European stocks slipped as uncertainty weighed on the travel industry and sluggish Chinese economic data suppressed hopes for a quick economic recovery.

The continent-wide Euro Stoxx 600 fell 0.7 per cent on Friday in early trading. London’s FTSE 100 shed 0.8 per cent and the CAC 40 in Paris dropped 0.9 per cent, while the fall for Frankfurt’s Xetra Dax was milder.

Travel companies were some of Europe’s biggest losers following the UK’s decision late on Thursday to make returning travellers from France and the Netherlands quarantine for 14 days, with Paris to follow suit with reciprocal requirements. Shares in Tui and easyJet fell more than 5 per cent, while those in Ryanair and British Airways parent IAG dropped by about 3 per cent.

S&P 500 futures rose 0.3 per cent, which would inch the US benchmark equities index closer towards its all-time intraday high.

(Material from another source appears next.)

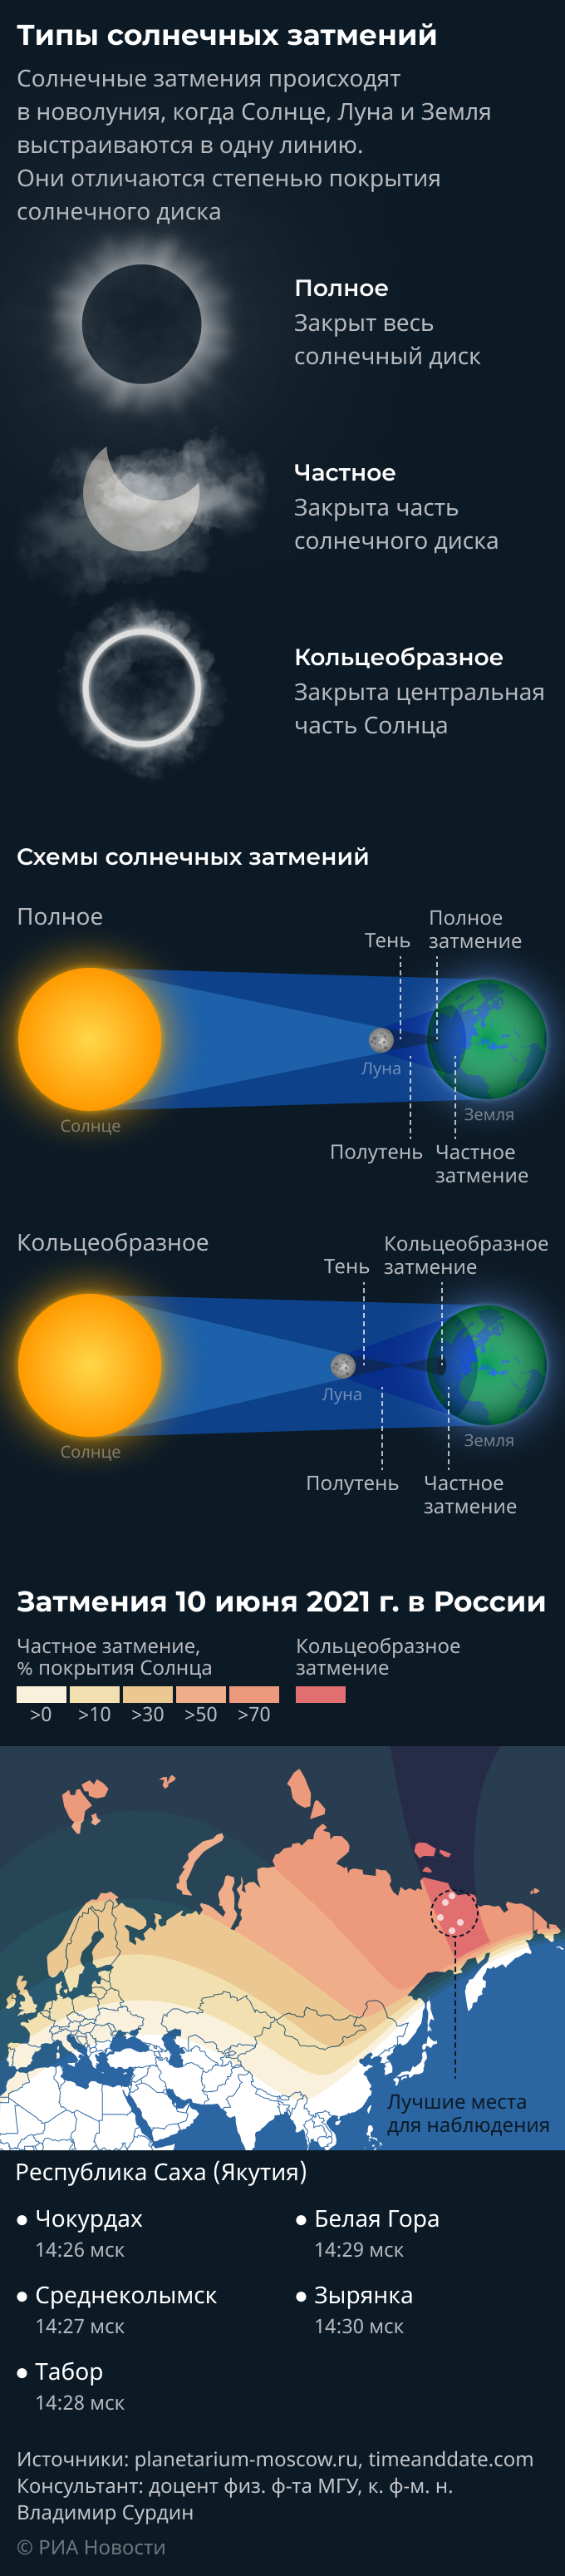 Затмение 10 апреля 2024. Кольцевое солнечное затмение. Когда будет солнечное затмение в 2021 году в России. Количество солнечных затмений в год. Через сколько лет будет затмение в России.

Chinese stocks were the best performers in Asia. Mainland China’s CSI 300 index and Hong Kong’s Hang Seng added 1.2 per cent and 0.5 per cent. South Korea’s Kospi slipped 1.2 per cent, while Japan’s benchmark Topix index was flat.

US Treasuries steadied on Friday after a sell-off this week, which sent yields higher, following a record $26bn auction of 30-year bonds that saw depressed demand.

“We had the view that as the Covid-19 outbreaks in the US south and west ebbed into August, cyclically sensitive markets including global bonds would start to respond,” said Jason Hunter, managing director at JPMorgan. “[US] bonds seem to be responding to the improving Covid trends and technical set-up.”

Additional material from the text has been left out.